# Revell Saturn V Rocket - 40th Anniversary



## MonsterModelMan

With the re-release of the Saturn V rocket for the 40th Anniversary on the Moon Walk...I was wondering...
I never had this kit when it was originally released. I tried finding the size of this and all I could find was it was 1/144 scale.
How big would that be?

This looks like a pretty cool kit to build as it includes the Lunar Module as well.

I haven't found too much as far as this model as a build-up and was wondering if anyone has any pics to share or could tell me the size of it.

The Lunar Module diorama is scheduled to release real soon too!

MMM


----------



## iamweasel

It is somewhere in the area of 30" tall. Then there is the base for it, which I am not sure of but it cant be more then 2".
I hear people complain of the inaccuracies of it,(Mostly the CSM) but it still builds up nice.
Theres a site where they sell really nice accurate decals for it here.. http://www.spacemodelsystems.com/decals.html
I bought mine there for the 1/144 and 1/96 scales and they do a good job.


----------



## MonsterModelMan

Hey iamweasel,

Thanks for that link! I just ordered a set of decals for this kit.
Do you have any sites or pics of an actual build-up of this kit?
I was down at NASA in Houston last month and have some actual pics of the Saturn V they have in the hangar/museum. This is one HUGE rocket in person!

Thanks again,
MMM


----------



## iamweasel

Glad to help.
Sorry I dont have any links to any built ups for it. I dont have any shots of mine at the moment either. 
I was at Kennedy's Space center last year and went to see the Saturn V and my girlfriend said I looked like I was in shock when we walked into the building it was housed in. What a monster she is and beautiful to boot.
Nothing I have loved more then the Apollo/Gemini/Mercury programs and all their machines!


----------



## flyingfrets

The kit's a decent starting point, but with the upgraded decals, you're going to want this http://realspacemodels.com/html/apopg.htm too.
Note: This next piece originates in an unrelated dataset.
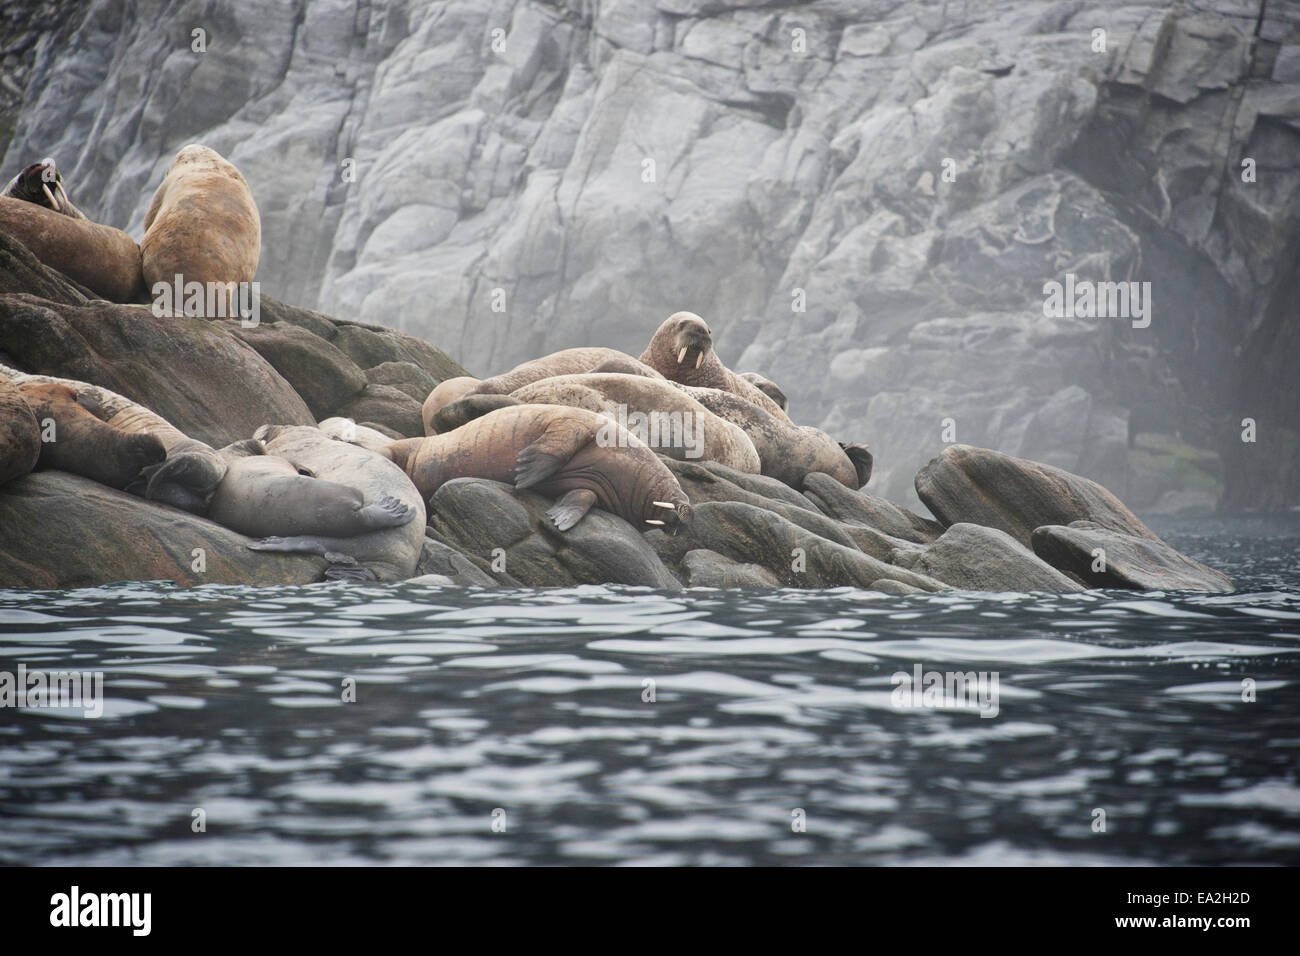 Walrus Colony, Odobenus rosmarus, hauled-out on rocks, Baffin Island, Canadian Arctic. Stock Photo

New Ware http://mek.kosmo.cz/newware/#Kits and detail sets has some nice detailing kits for the coming re-releases of the 1/48 LM and the 1/32 CSM also...

Happy building!


----------



## Mark McGovern

MMM,

I have a buildup I did OOB years ago. It's 1/96 scale, and the inaccurate CSM was Revell's very first Apollo model kit from back in the 1960s. It comes with a simple base: a beveled square about 10" square and maybe an inch high, with four triangular supports on which the Saturn V site. The supports were made to hold the rocket off the base just enough to clear the engine bells, so the base really doesn't add more than 2" to the height of the model.

Mark McG.


----------



## MightyMax

Here is something to keep in mind when you get yours.
I wanted one of these since I was a kid. I never got one. I finally broke down and bought one when they were a Revell Germany issue and available at Hobby Lobby. I got one during one of their (in)famous 50% off sales. I rushed home to open the huge box. Upon opening I was shocked. No way were all the parts for a 4 foot tall rocket in the box. Where were the rocket body parts? I then realized there were sheets of styrene plastic in the box. I studied the instructions. I then realized it did not have molded styrene body parts but instead they supply you with sheet plastic you use to roll tubes from. These tubes are the rocket body! Just a word of caution as you might think like I did and that it is missing a bunch of parts when it is not.

Max Bryant


----------



## iamweasel

When I got the 1/96 Saturn V and opened it I thought the same thing at first, then once I realized how the kit is made, I thought "No way was this a 90 + dollar kit". Still don't think the price on it is in any way close to what its worth, still it looks nice sitting on my PC desk.


----------



## MightyMax

iamweasel said:


> When I got the 1/96 Saturn V and opened it I thought the same thing at first, then once I realized how the kit is made, I thought "No way was this a 90 + dollar kit". Still don't think the price on it is in any way close to what its worth, still it looks nice sitting on my PC desk.


 
I agree with that. At the time it was 104.00 at Hobby Lobby and I got it on sale for 52.00. Still I am not sure it was something I wanted to pay 52.00 plus tax on but it was less of a sting than if I paid 104.00 + tax.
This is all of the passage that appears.